Posted by jasmine20 on Tuesday, April 17, 2007 at 5:42pm.

Can someone set this up in equations so i can solve them i would greatly appreciate it. THanks.


Problem #3
The base of a ladder is 14 feet away from the wall. The top of the ladder is 17 feet from the floor. Find the length of the ladder to the nearest thousandth.

Problem #4
A rectangular garden is to be surrounded by a walkway of constant width. The garden's dimensions are 30 ft by 40 ft.

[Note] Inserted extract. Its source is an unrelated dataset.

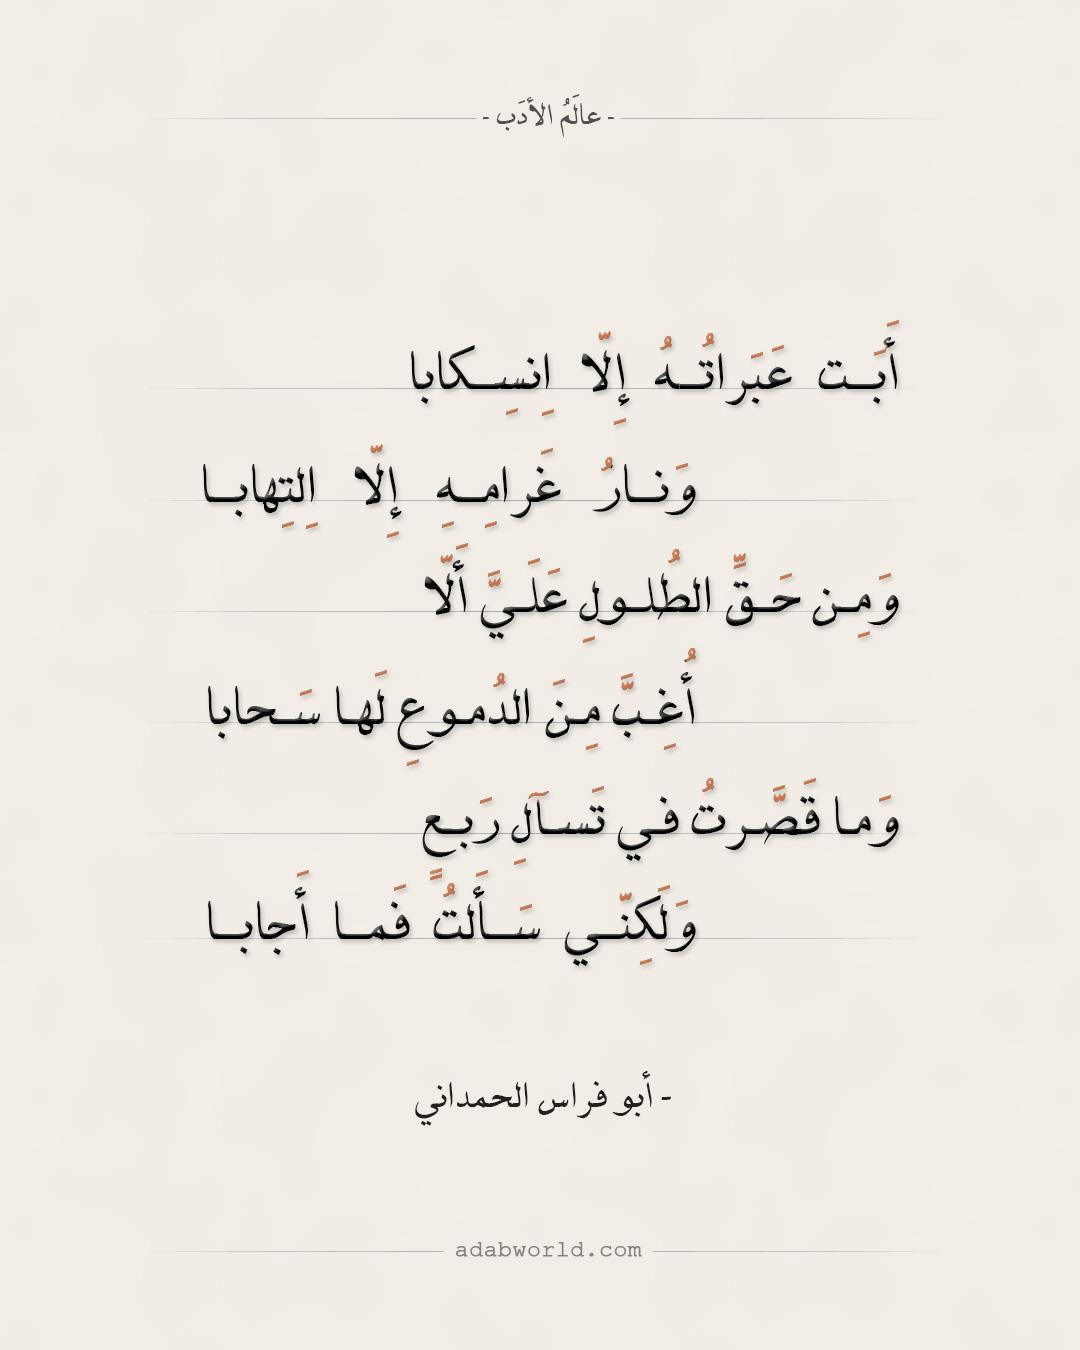 شعر أبو فراس الحمداني - أبت عبراته إلا انسكابا

The total area, garden plus walkway, is to be 1800 ft2. What must be the width of the walkway to the nearest thousandth?


112 because im smart im 10 and im in the 11th grade


oh sorry the answer is 2,000

the next one is 4,000

-x+y=6

I do not want the answers just the equations.

3) Think about what shape that would make. If you're not sure, draw it out. The formula? a^2 + b^2 = .... ?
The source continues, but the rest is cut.